Aku mengangguk perlahan, dan untuk pertama kalinya dalam waktu yang lama, aku merasa sedikit lega. Mungkin ini bukan akhir yang sempurna, tapi ini adalah akhir yang harus kami terima. Kami telah mencoba, dan meskipun semuanya terasa tidak sempurna, aku tahu bahwa kami berdua telah belajar banyak dari perjalanan ini.
Damar memberikan senyuman terakhir, dan sebelum aku bisa berkata lebih banyak, dia berbalik dan berjalan menjauh. Aku tetap duduk di sana, menatap langkahnya yang semakin menjauh, hingga akhirnya dia menghilang di balik keramaian kampus.
Aku tahu, mungkin kami akan menjadi dua orang yang asing satu sama lain, namun aku akan selalu menyimpan kenangan itu di dalam hati.

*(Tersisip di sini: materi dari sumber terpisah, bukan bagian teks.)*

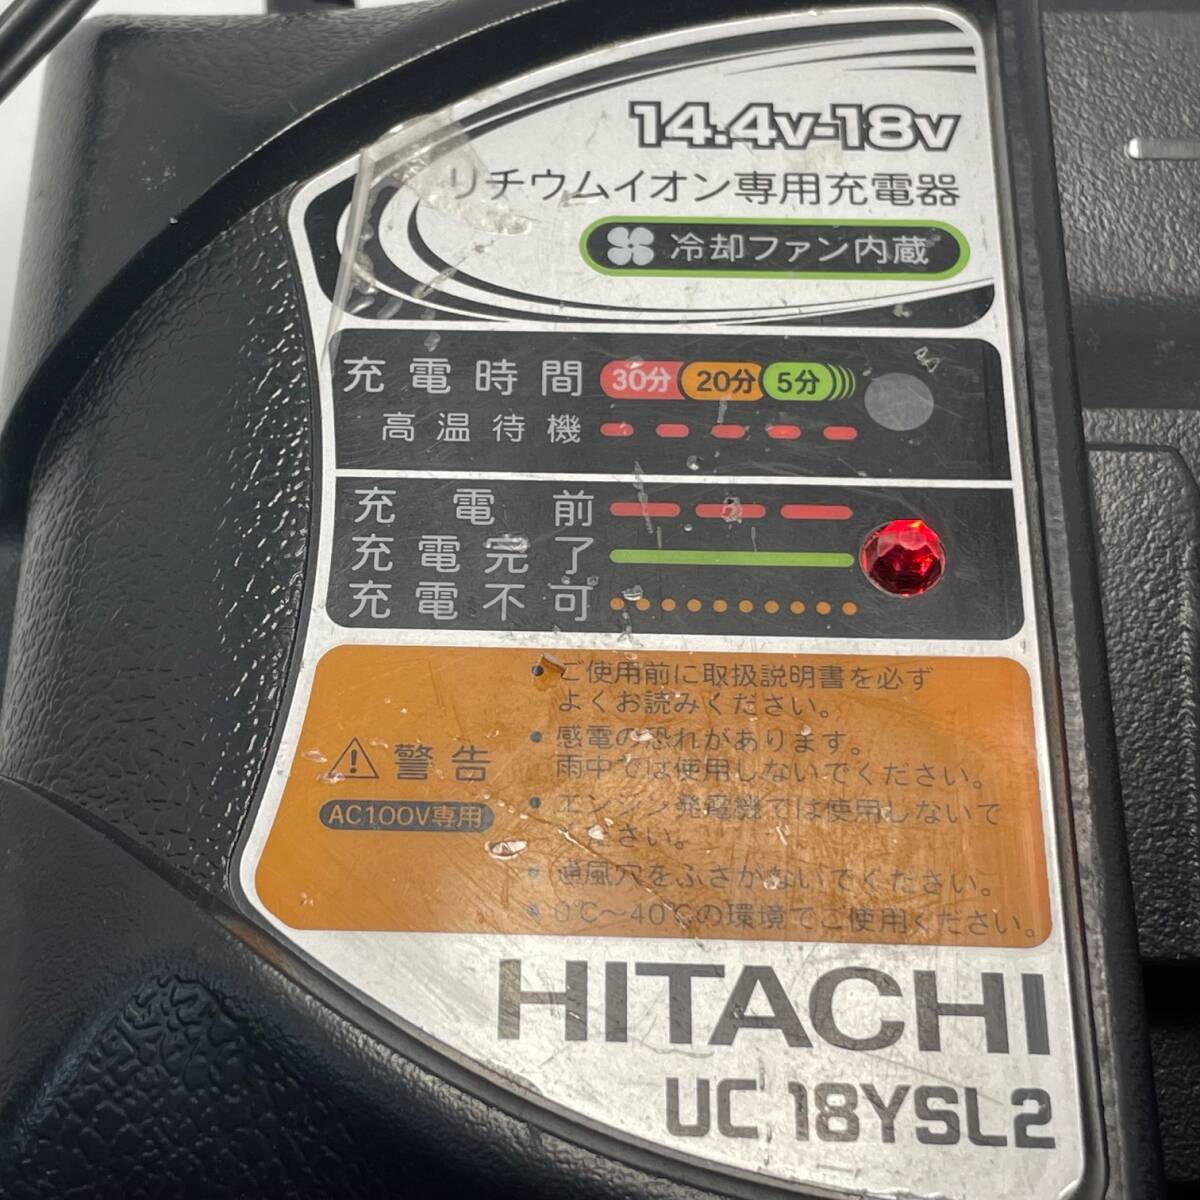 中古品 HITACHI UC 18YSL2 14.4V-18V リチウムイオン専用充電器 冷却ファン内蔵 急速充電器 リチウムイオンバッテリー 1円 から 売り切りの画像6

Kenangan tentang cinta yang terpendam, tentang perasaan yang tak pernah terungkap, dan tentang semua yang seharusnya bisa menjadi, namun tak pernah sempat untuk menjadi kenyataan.
Aku tidak tahu apa yang akan terjadi ke depan, tapi satu hal yang pasti, hidup terus berjalan. Dan aku harus terus melangkah, meskipun tanpa Damar di sampingku.
Kadang, ada hal-hal yang nggak pernah bisa kita ubah, meskipun kita nyesel atau berharap bisa balik ke waktu itu. Mungkin, cinta yang terpendam memang harus tetap di sana, jadi kenangan. Tapi, jangan lupa, hidup terus berjalan. Yang penting, kita nggak nyesel karena nggak pernah coba, kan?